■ DIRECTIONS FOR THIS TASK
Your task is to reproduce the listing exactly, without its images.
Top of INPUT DATA
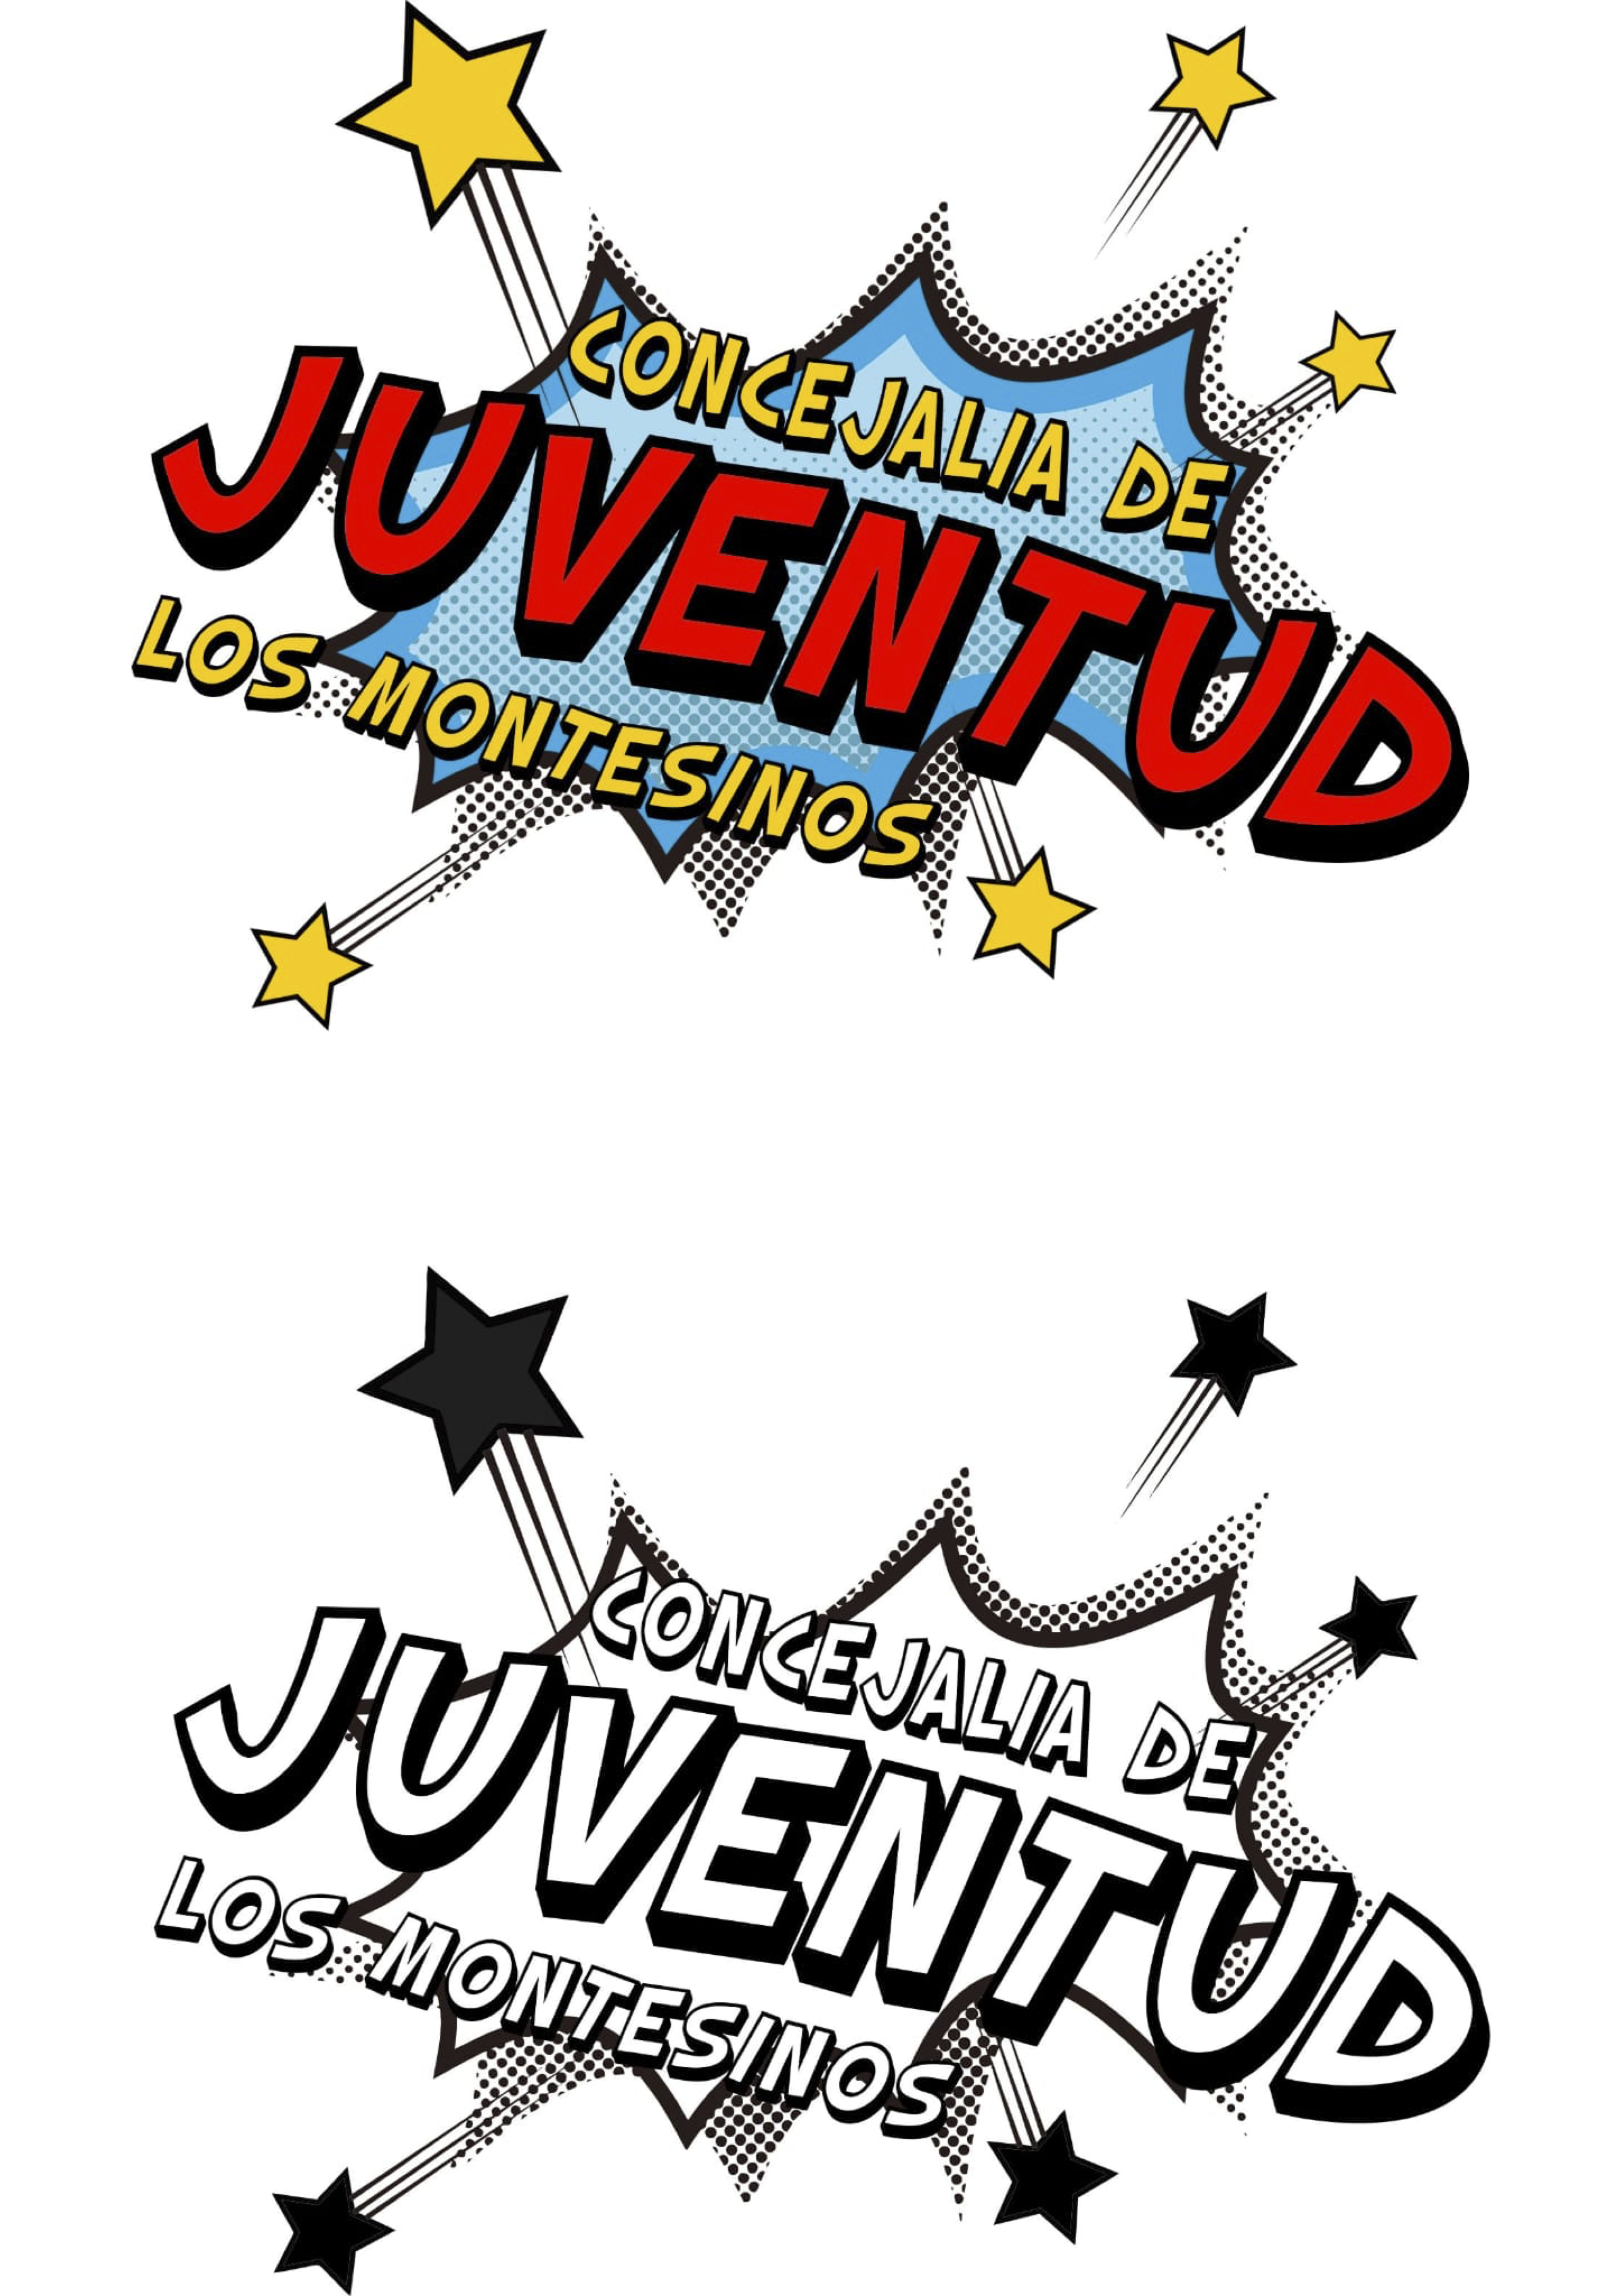 Nou logo de la Regidoria de Joventut. Los Montesinos
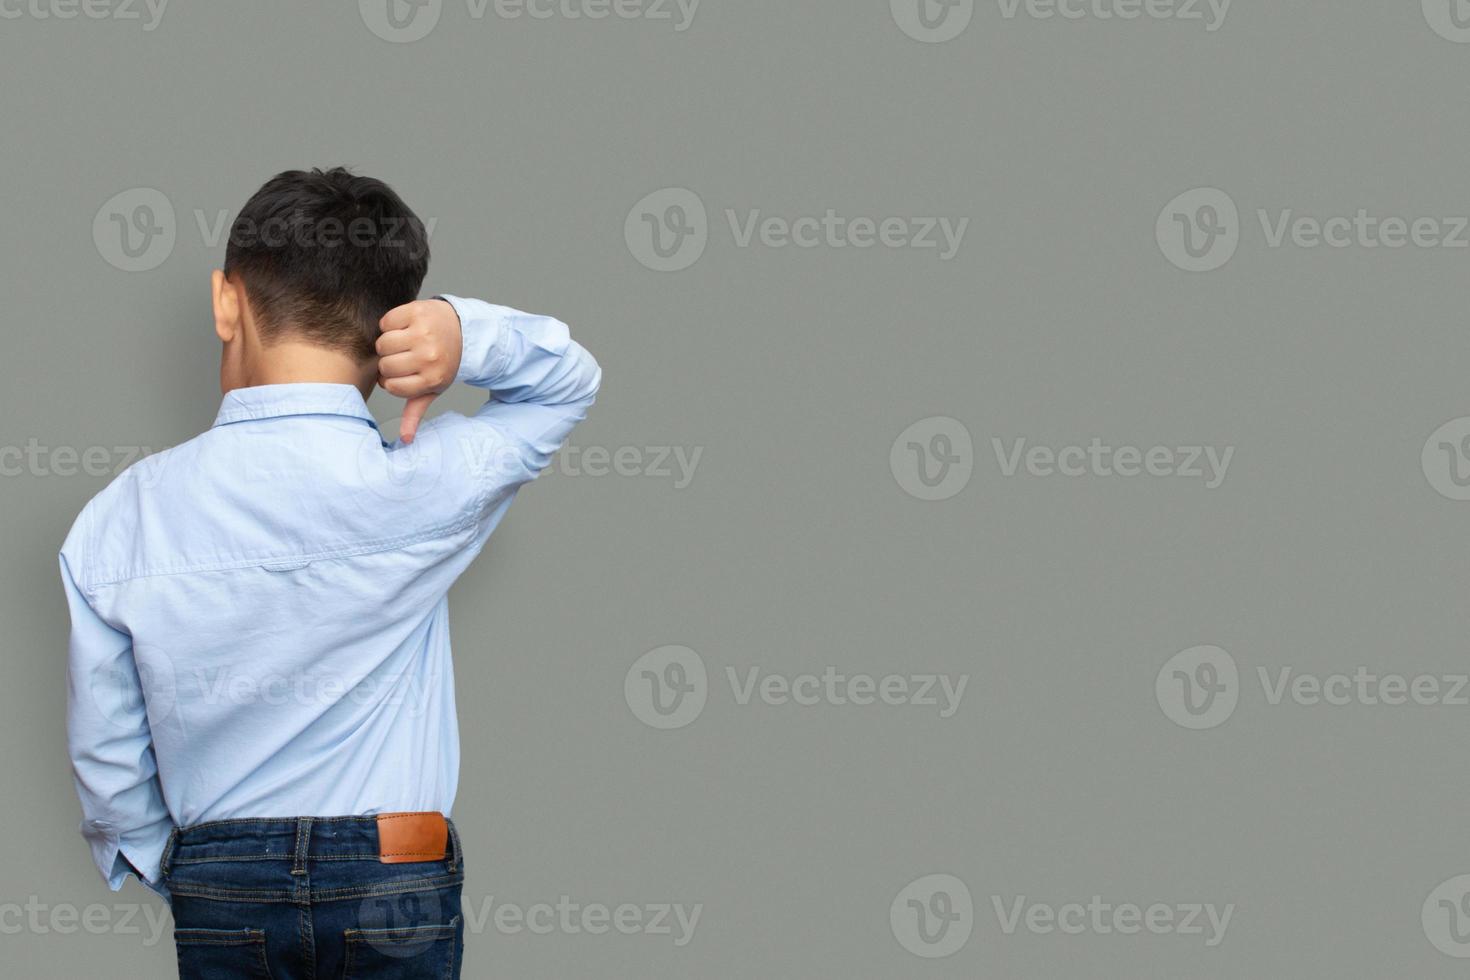 kleine jongen met een formeel shirt geïsoleerd op een effen achtergrond print mockup concept kopie ruimte foto
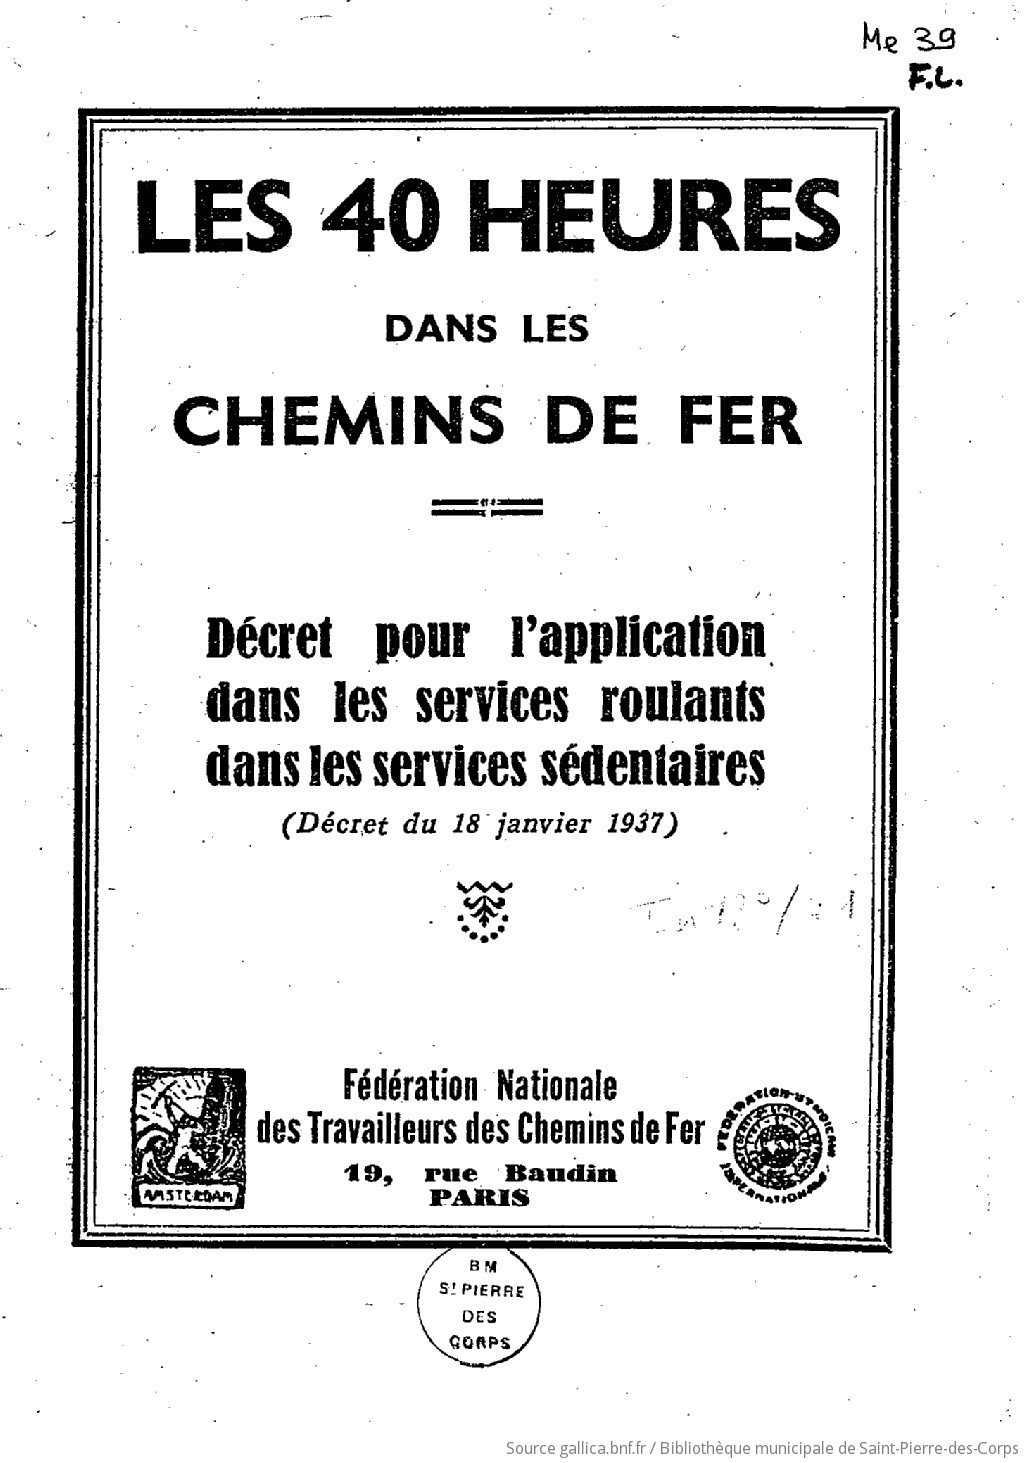 Les 40 heures dans les chemins de fer : décret pour l'application dans les services roulants dans les services sédentaires (décret du 18 janvier 1937)
Bottom of INPUT DATA
■ ANSWER
 Nou logo de la Regidoria de Joventut. Los Montesinos
 kleine jongen met een formeel shirt geïsoleerd op een effen achtergrond print mockup concept kopie ruimte foto
 Les 40 heures dans les chemins de fer : décret pour l'application dans les services roulants dans les services sédentaires (décret du 18 janvier 1937)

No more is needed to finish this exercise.